Source material:
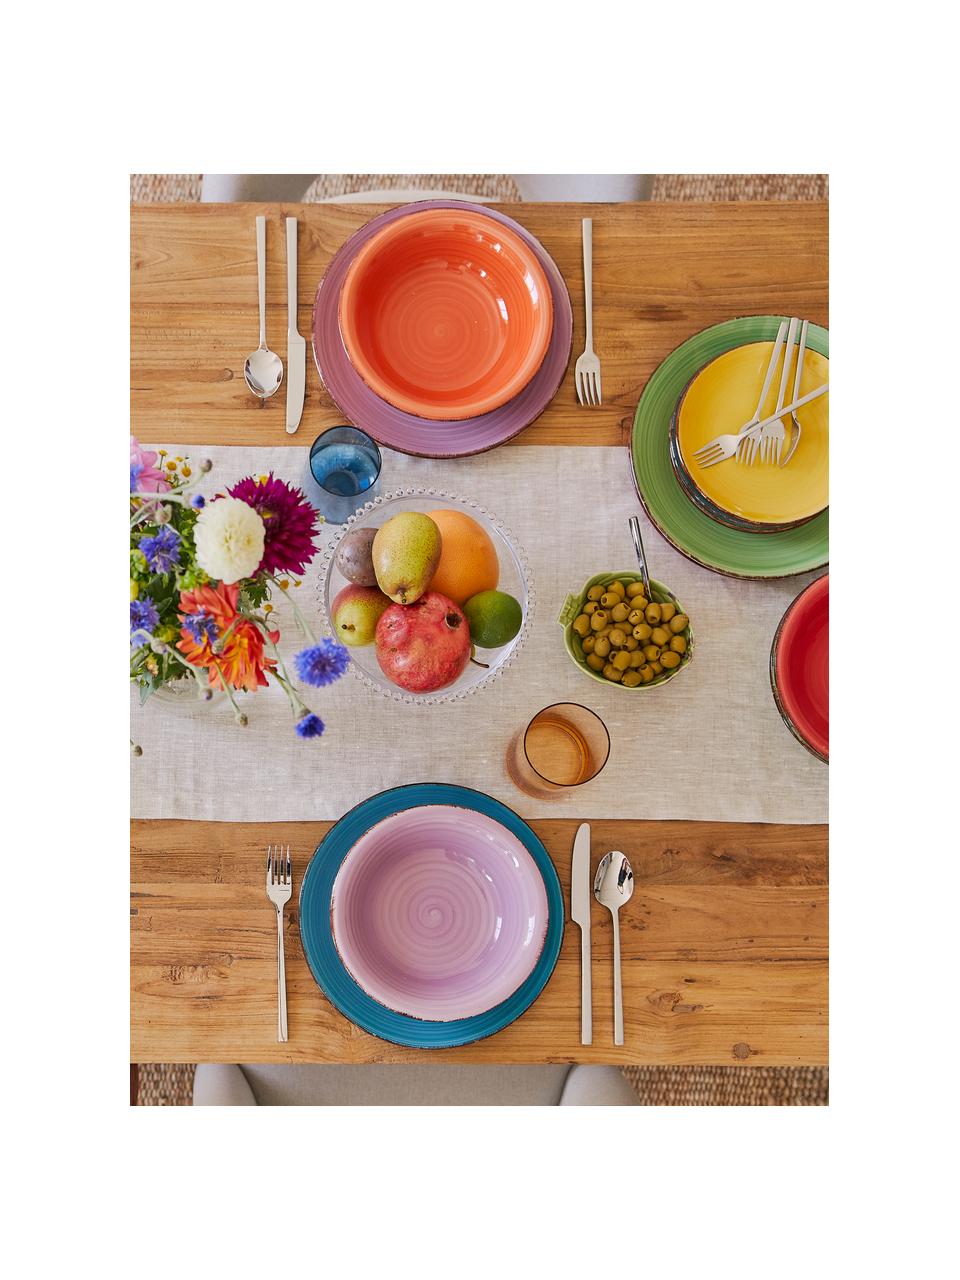 Gekleurde handbeschilderde serviesset Baita, 6 personen (18-delig), Handbeschilderd keramiek (hard dolomiet), Geel, lila, turquoise, oranje, rood, groen, Set met verschillende formaten
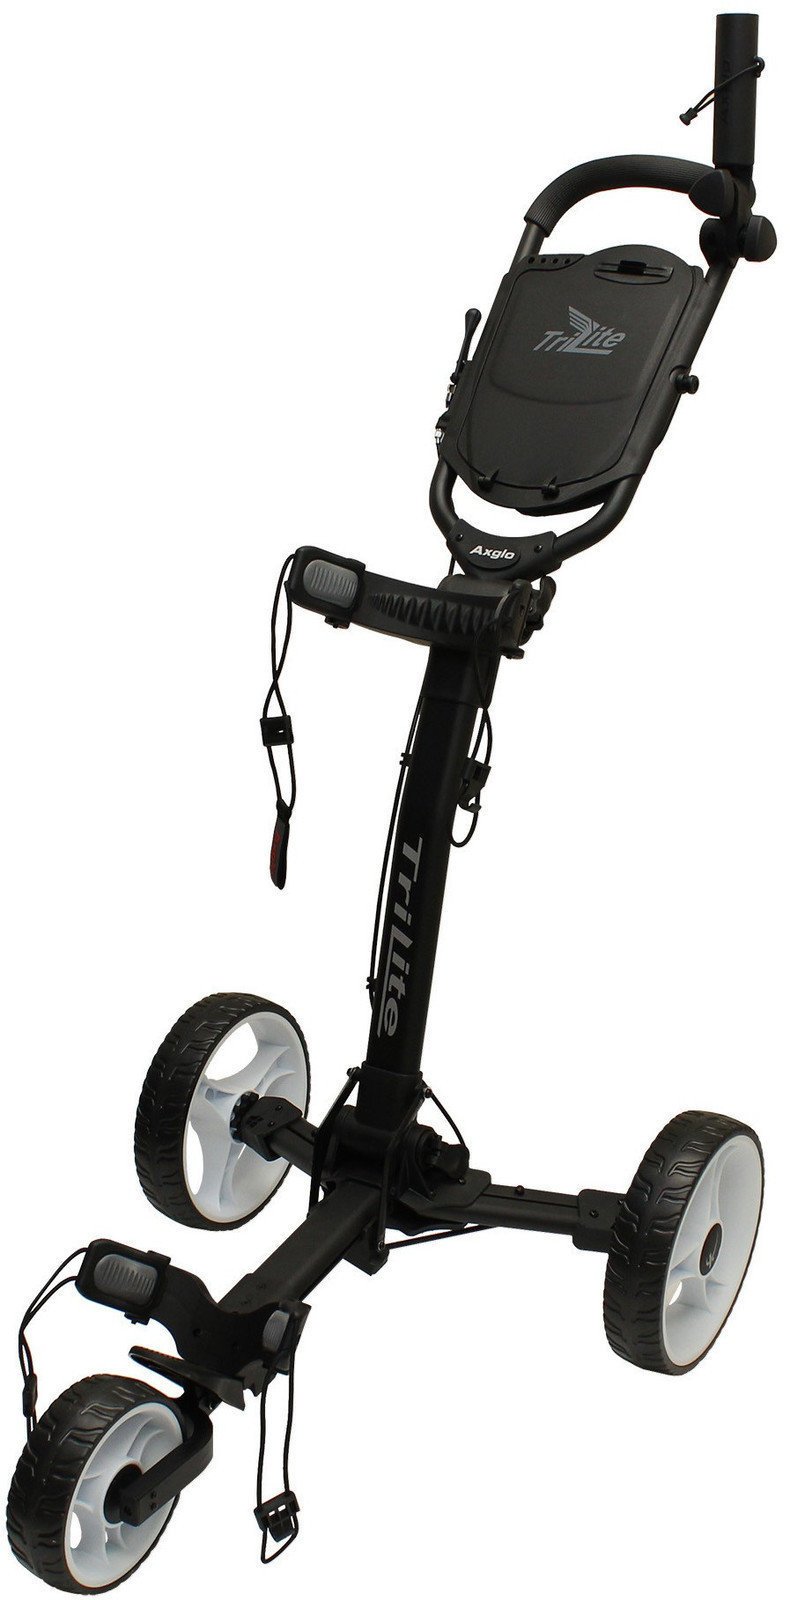 Wózek golfowy ręczny Axglo TriLite Black/White Wózek golfowy ręczny
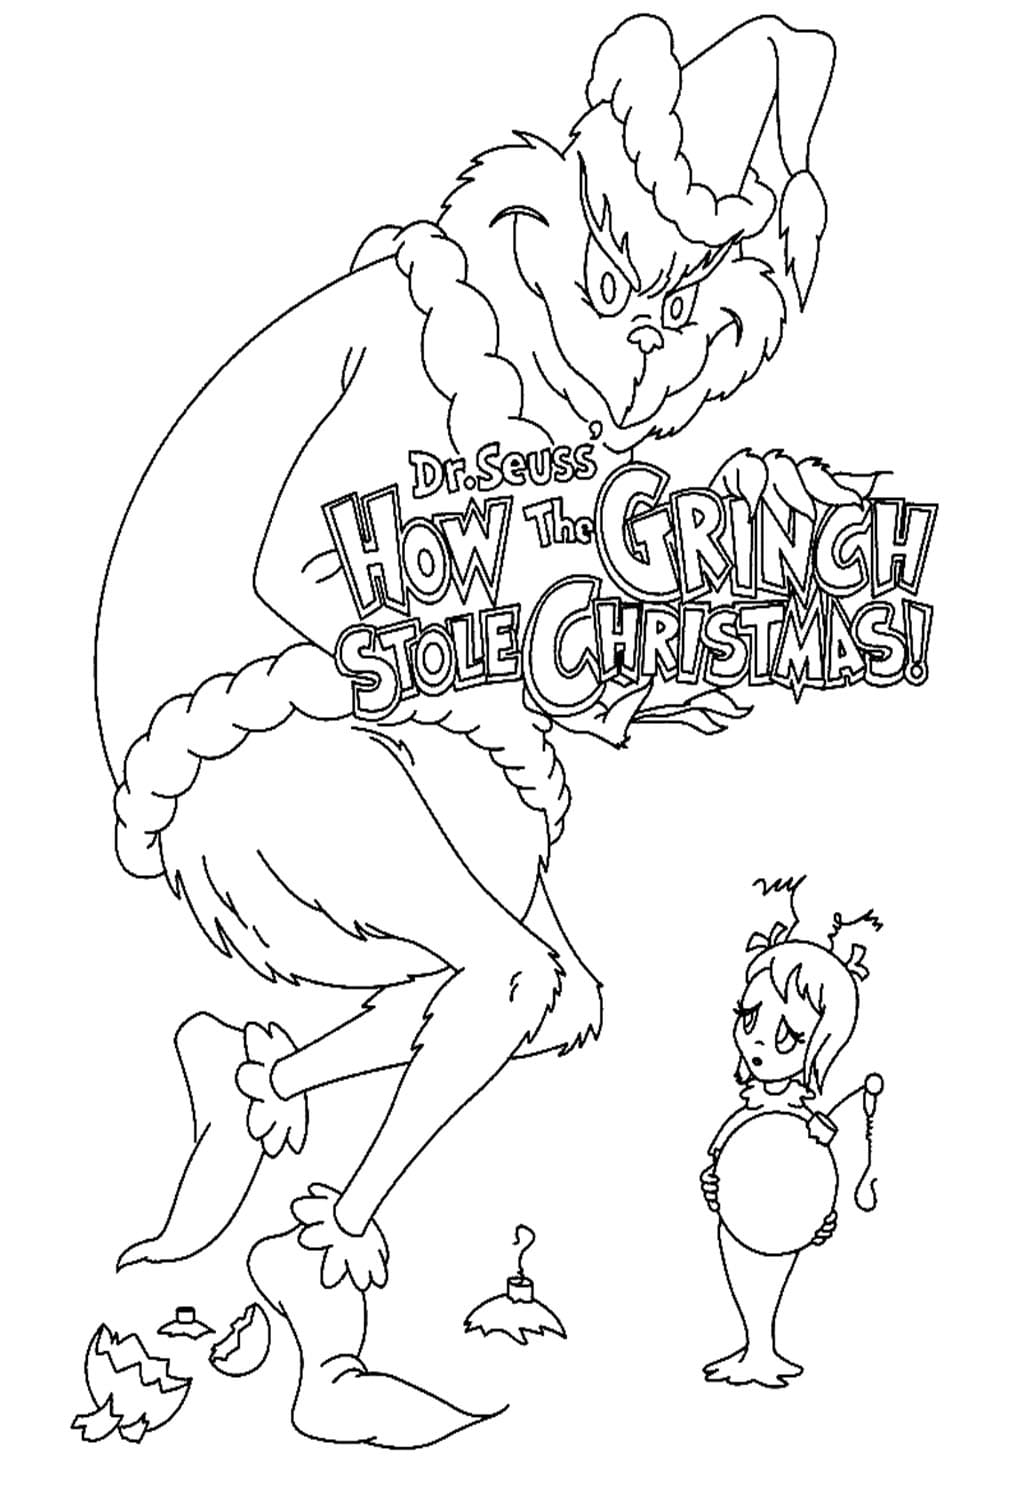 O Grinch roubou o pôster de Natal do Grinch

Task directions: Output an exact copy of the material, with the pictures removed.

Answer box:
 Gekleurde handbeschilderde serviesset Baita, 6 personen (18-delig), Handbeschilderd keramiek (hard dolomiet), Geel, lila, turquoise, oranje, rood, groen, Set met verschillende formaten
 Wózek golfowy ręczny Axglo TriLite Black/White Wózek golfowy ręczny
 O Grinch roubou o pôster de Natal do Grinch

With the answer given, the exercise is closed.